Keepers of .info TLD move to clean up its act

The much-abused .info top-level domain may be making a renewed bid for respectability with policy changes announced this week, in an effort that may make the TLD a little less meaningless.

It's reasonable for the well-traveled reader to feel that it's the net, not the .info TLD, that's the much-abused party here. One of the vaunted TLD class of 2000, .info has over its eight years of existence fallen down the spam-and-scam rabbit hole.

The first unrestricted top-level domain launched during the Web era, .info has over 5 million registered domains -- far more than the restricted 2000 launchees .aero, .biz, .coop, .museum, .name and .pro. It was also the first generic top-level domain to support standards-based internationalized domain names (that is, domain names containing non-ASCII characters). Though not so common in the US, .info domains are well-represented in Russia and parts of central and eastern Africa such as Somalia and Congo.

The wide-open approach led, after an initial land rush in 2001 for interested parties to pick up fresh domains (a process in which "sunrise squatters" were widely accused of blocking rule-abiding parties from fair acquisition), to a notable amount of abuse by speculators and worse.

Concern over .info-supported spam and malware has only grown since Dublin-based registry operator Afilias, the global registry service for the TLD since its creation, renewed its joint registry agreement with ICANN in 2006. In 2007 Afilias began a review of the problem. The results, embodied in the new policy announced Tuesday, clarify what constitutes domain-name abuse and strengthens Afilias' hand in dealing with the bad guys.

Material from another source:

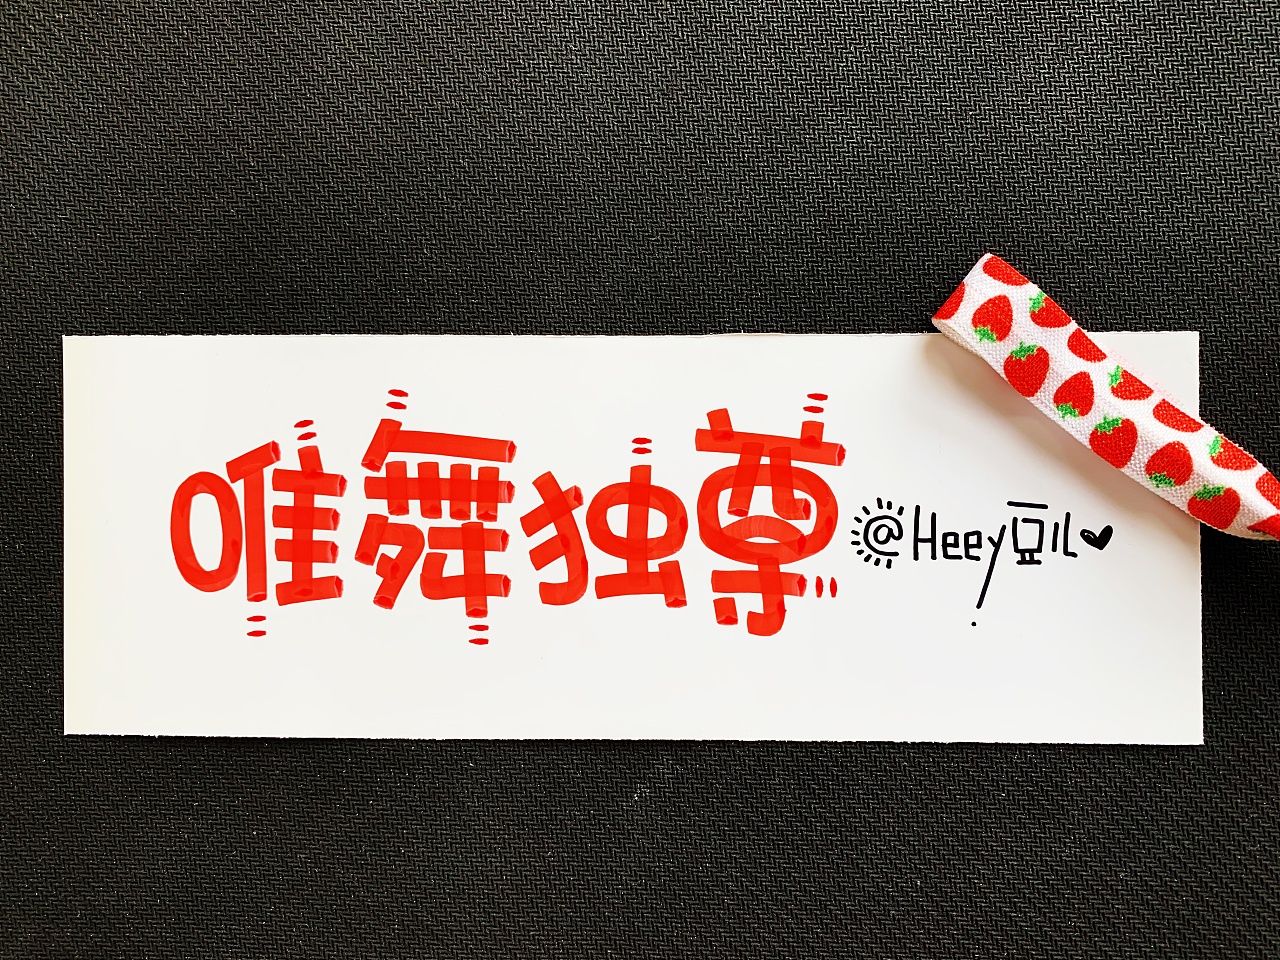 Chinese Creative Font Design-Heey Doo | Mark Pen (Jolin Tsai)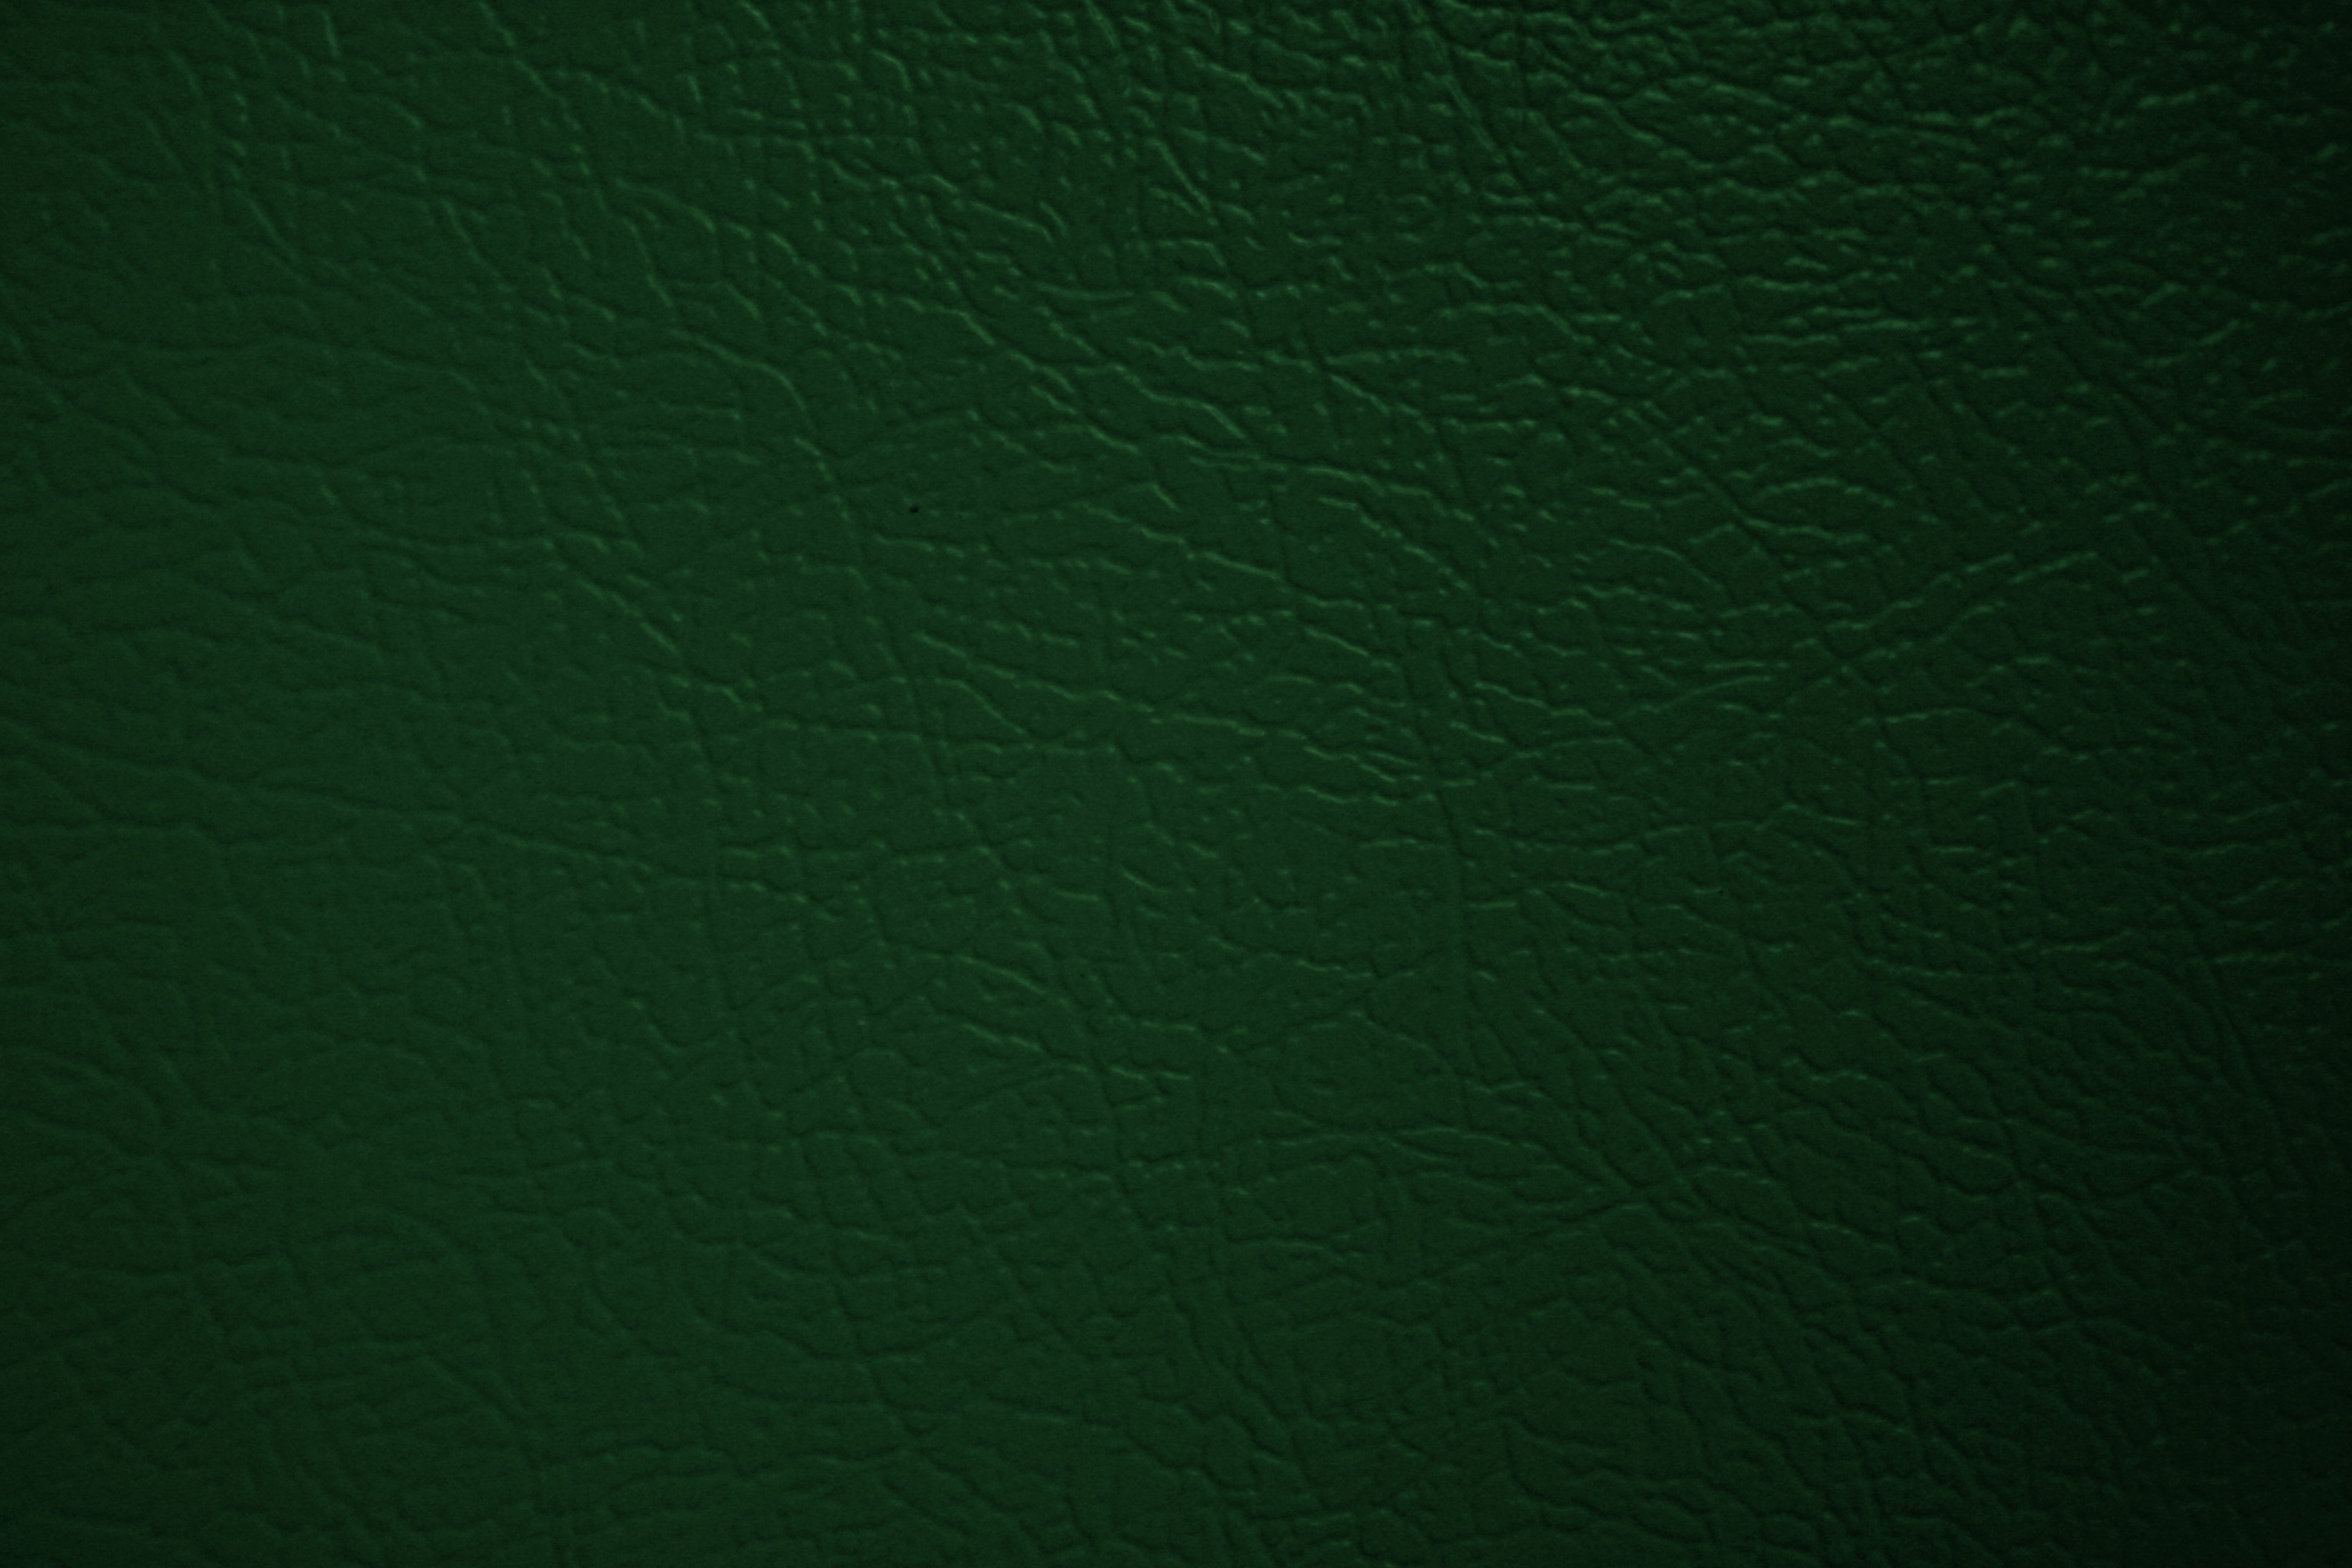 dark green texture backgrounds wallpaper cave on dark green texture background

Among the activities that'll get domain owners branded as bad guys are phishing, spamming, distribution of child porn, cracking, and running botnets.

Simply making policy, however, might not be enough to clear up .info's shady reputation. Over the years Afilias and various domain registrars (including Yahoo and GoDaddy) may have made the problem worse by aggressively lowering prices, even to around $1/domain -- a very low barrier to entry for the sort of folk who mean to run amuck and don't mind burning through a lot of disposable domains to do so. The amusingly named that-domain-isn-t-in-my-list-of-allowed-rcpthosts.domainregistrtion.com blog summed up the mood with the title of a post written Saturday, before the changes were announced: "Afilias Just Doesn't Get It: Return of the $.99 .Info Domain."

The new policies kick on on November 6.